Born in Cardiff in 1928
Served in the Army and studied at Cambridge before becoming a barrister and then QC
Labour MP for Leicester North West and then Leicester West from 1970 until retiring in 1997, when he was made a life peer
Diagnosed with Alzheimer's disease in 2009
Suspended from the Labour Party in April
Ruled unfit to stand trial over allegations of child sexual abuse in December 2015
The BBC investigation received an account by another detective that he had reported allegations against Beck, Lord Janner and other prominent Leicester figures, but his bosses "did not want to touch it".
Eight former residents and staff from the children's homes told the BBC they remembered Lord Janner often visiting Beck - especially at The Beeches home.
John Milligan, who worked there in the mid-80s, said he was introduced to Lord Janner by name, and claimed the MP was such a regular visitor to Frank Beck that he assumed they were having weekly meetings.
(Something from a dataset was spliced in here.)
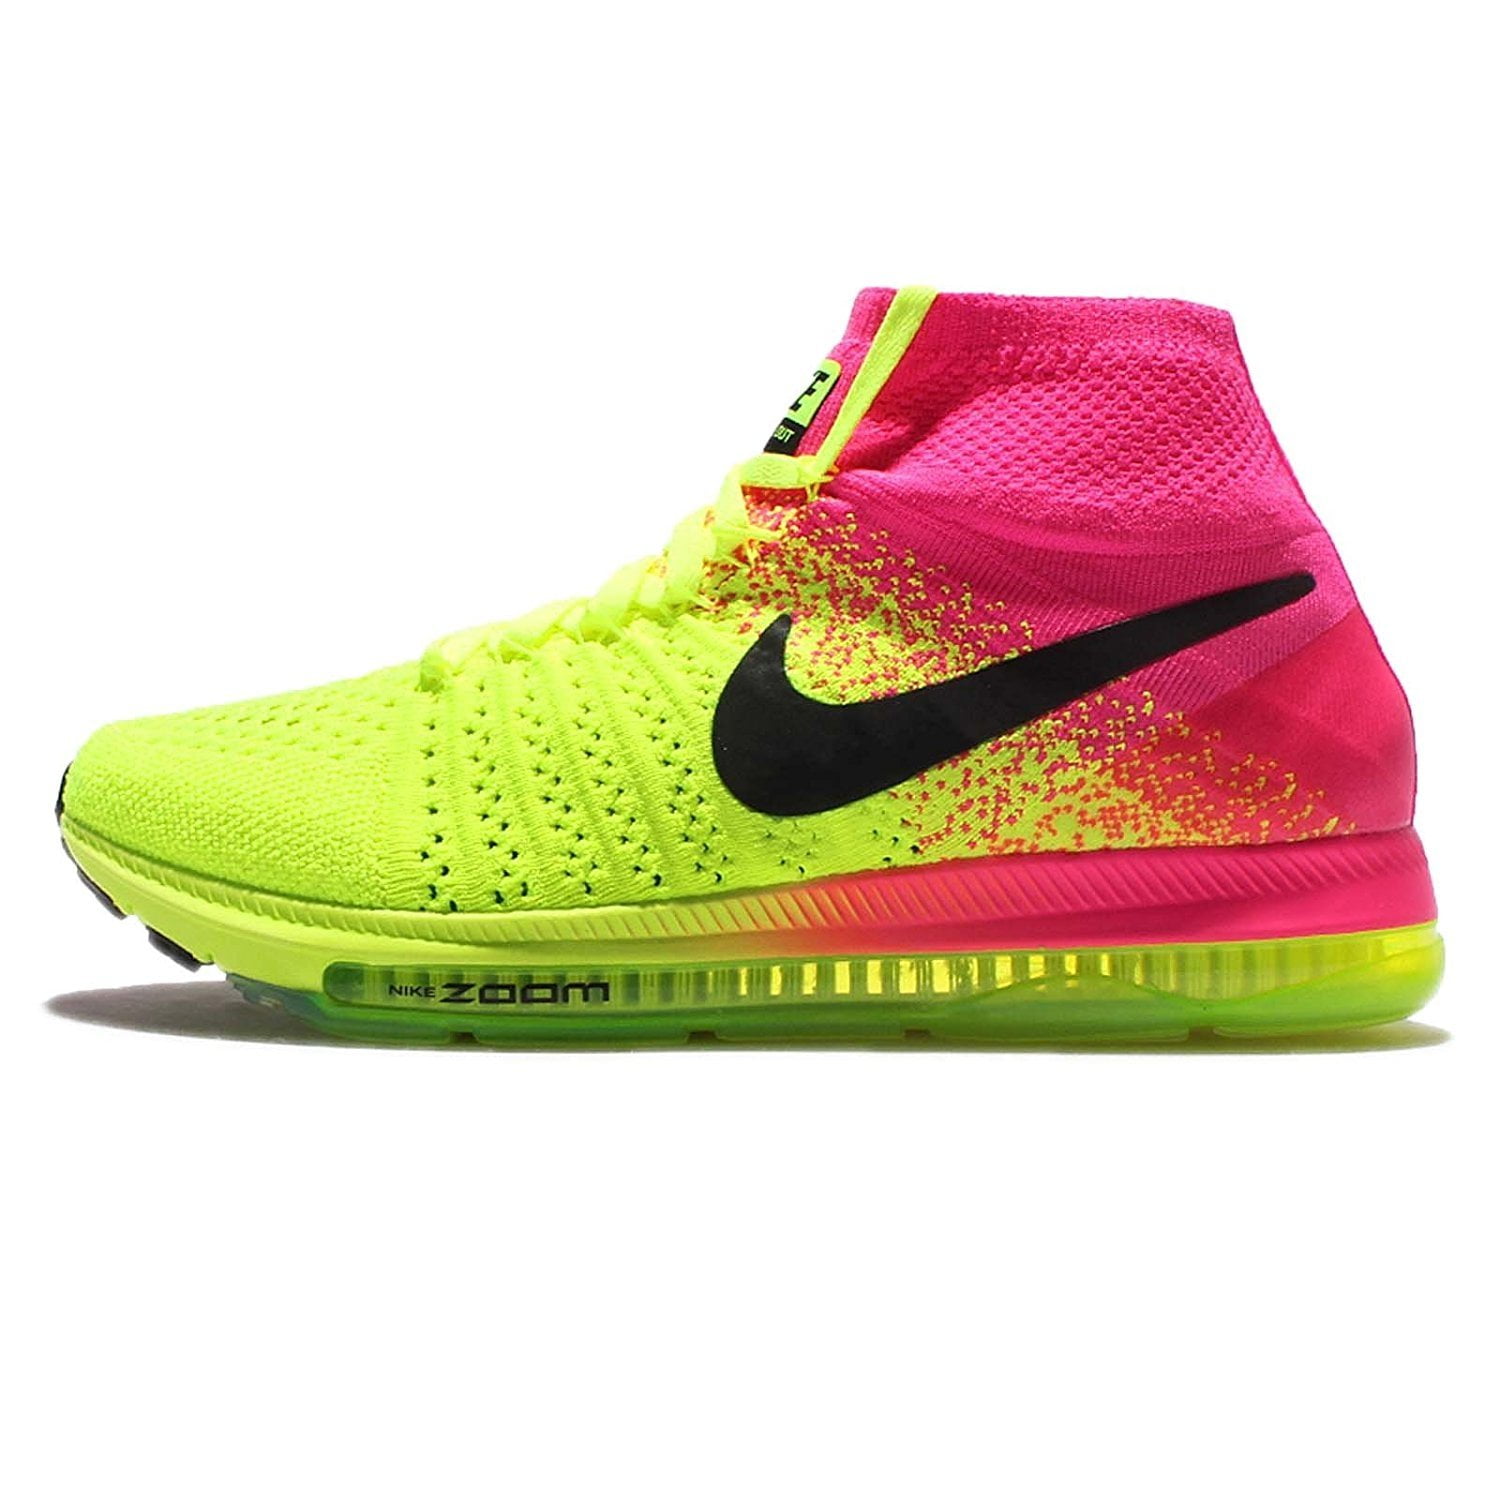 nike women's zoom all out flyknit running shoes

A female former resident said "he just used to be with Frank all the time walking around". She recognised him later from his picture in newspapers and leaflets.
And Pat Varnam, who was in the Ratcliffe Road children's home, said she often saw five or six men "waltzing round with Beck" and while she could not identify them, others in the home believed Beck and Lord Janner were friends.
It is possible that Lord Janner's visits to see Beck were professional in nature.
However, a former official at Leicestershire County Council, who asked not to be identified, told the BBC that when he twice raised concerns about Beck's methods, the care home manager used the Labour peer to justify his actions.
"Beck used Janner's name to achieve whatever Beck wanted to achieve," he said.